Distribution of aromatic hydrocarbon-degrading genes across domain bacteria at phylum level. Each circle of the heatmap represents a gene involved in HC degradation. Various compounds are shown in different colors, as represented in the color legend at the bottom of the figure. Genes marked with an asterisk represent key enzymes of the degradation pathway. Numbers written on each row’s edge indicate the number of screened genomes in that phylum in the AnnoTree website (adopted from GTDB R89). The color gradient for genes of each compound indicates the percentage of HC degrading members of each phylum

Distribution of key genes involved in the degradation of alkanes

At lower taxonomic rank, the alkB/M and ladA genes were differently distributed across members of phyla Gammaproteobacteria, Alphaproteobacteria, and Actinobacteriota, hinting at their capacity for degrading hydrocarbons of variable chain length. Altogether 2089 genomes in orders Mycobacteriales (23.95%), Rhodobacterales (20.46%), Pseudomonadales (17.13%), Flavobacteriales (8.3%), Burkholderiales (6.16%), Cytophagales (3.66%), Propionibacteriales (2.47%), Rhizobiales (1.89%), and Chitinophagales (1.81%) contained alkB/M genes, while ladA was present in 2154 genomes from Pseudomonadales (21.05%), Rhizobiales (16.27%), Burkholderiales (14.44%), Actinomycetales (13.44%), Mycobacteriales (13.05%), Bacillales (4.74%), Enterobacterales (3.7%), Acetobacterales (2.31%), Streptomycetales (1.91%). There were also several representative genomes with ladA gene which have not been previously reported and belonged to Tectomicrobia, UBA8248, and SAR324 phyla (Figs. 3 and 4, panel B, Supplementary Table S6).

Fig. 3
figure 3

Maximum-likelihood phylogenetic reconstruction of amino acid sequences of alkB/M protein recovered from genomes (short-chain length alkane monooxygenase). A Major clusters of alkB/M genes according to the reconstructed phylogeny. The scale bar indicates 0.8 branch distance. B Bar plot representations of the distribution of recovered genes at the order level. The detailed information of the fraction “others” is provided in Supplementary Table S6

Fig. 4
figure 4

Maximum-likelihood phylogenetic reconstruction of amino acid sequences of ladA protein recovered from genomes (long-chain length alkane monooxygenase). A Major clusters of ladA genes. The scale bar indicates 0.6 branch distance. B Bar plot representations of the distribution of recovered genes at the order level. The detailed information of the fraction “others” is provided in Supplementary Table S6

An indirect role of Cyanobacteria in HC degradation, especially in microbial mats, has been previously reported. These primary producers often have the nitrogen-fixing ability and can fuel and promote aerobic and anaerobic sulfate/nitrate-reducing HC degrading microorganisms in microbial mats [13]. There are also reports of a minor role of some Cyanobacteria members like Phormidium, Nostoc, Aphanothece, Synechocystis, Anabaena, Oscillatoria, Plectonema, and Aphanocapsa in direct HC degradation [14, 15]. In this study, we detected the presence of long-chain alkane degrading genes, ladA, in different members of Cyanobacteria with 0.31 and 12.54% of genomes in this phylum containing ladA (in Elainella saxicola, Nodosilinea sp000763385) and almA genes (in Synechococcales, Cyanobacteriales, Elainellales, Phormidesmiales, Thermosynechococcales, Gloeobacterales, Obscuribacterales), respectively.
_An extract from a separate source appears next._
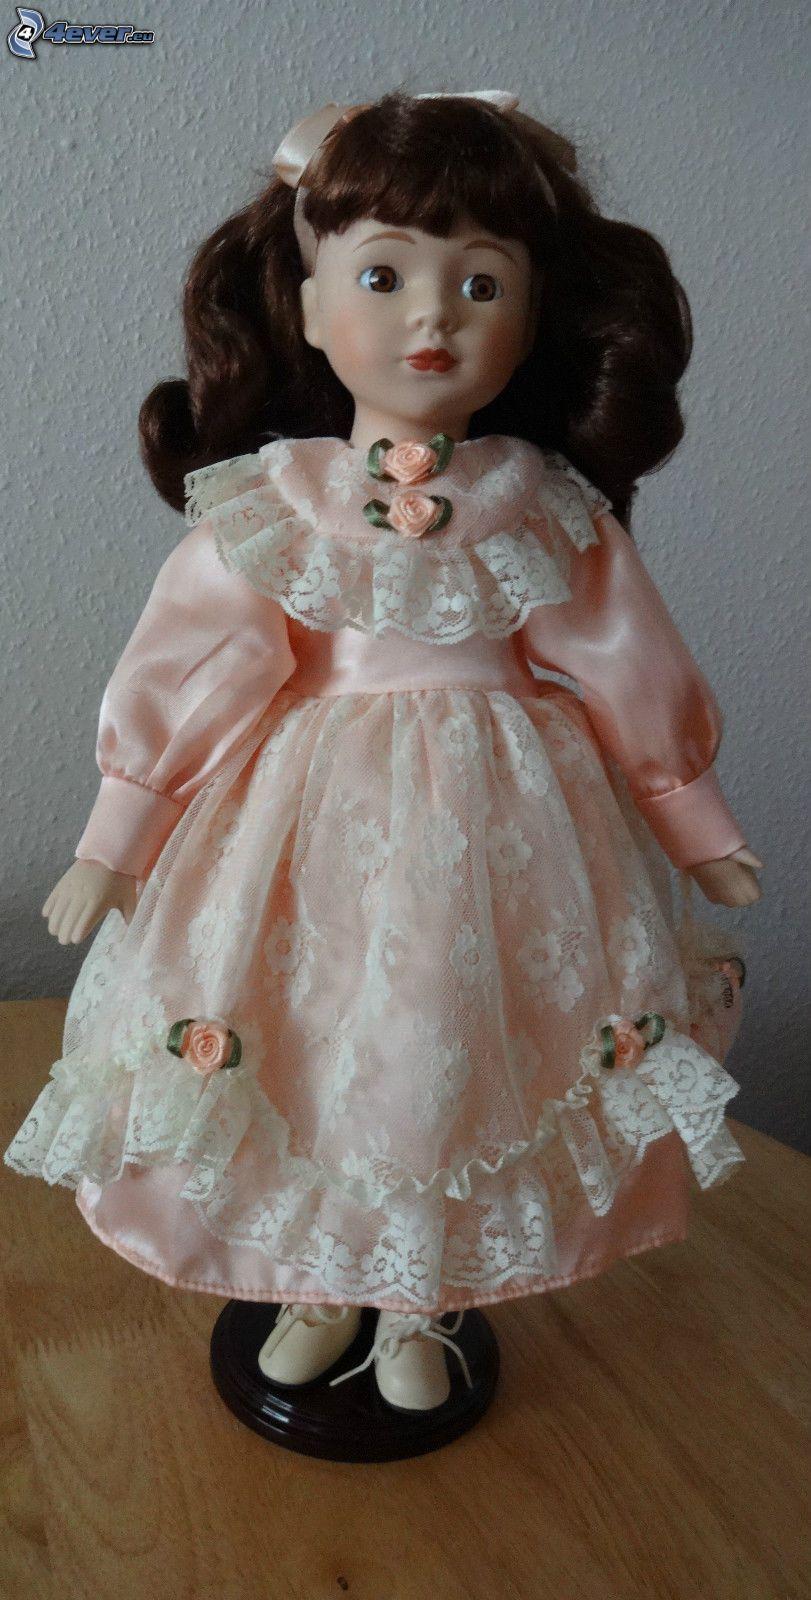 50cfab3f3722 bambola di porcellana

Phylogenetic reconstruction of recovered alkB/M and ladA genes grouped them into five and nine main clades, respectively (Figs. 3 and 4, panel A). The branching pattern of these clades partially followed the taxonomic signal of the genomes they were retrieved from, specifically for the most dominant phyla. However, as it is evident in Figs. 3 and 4 some branches contained alkB/M and ladA genes originating from genomes belonging to distantly related phyla. The placement of phylogenetically diverse groups in one branch hint at horizontal transfer of these genes between microbial taxa [16]. Additionally, apart from the chromosomal type, both alkB/M and ladA genes have previously been reported to be also located on plasmids (OCT and pLW1071), corroborating their potential for horizontal transfer. For instance, there are reports on the intraspecies transfer of alkB/M among Pseudomonas members [17]. Placement of ladA gene originating from genomes affiliated to rare microbial taxa among clusters V-IX of the ladA phylogeny put forward the possibility of a prominent role for Actinobacteriota and Firmicutes members in expanding the distribution of this gene among rare taxa as representatives of Actinobacteriota and Firmicutes taxa frequently contain these genes (Fig. 4).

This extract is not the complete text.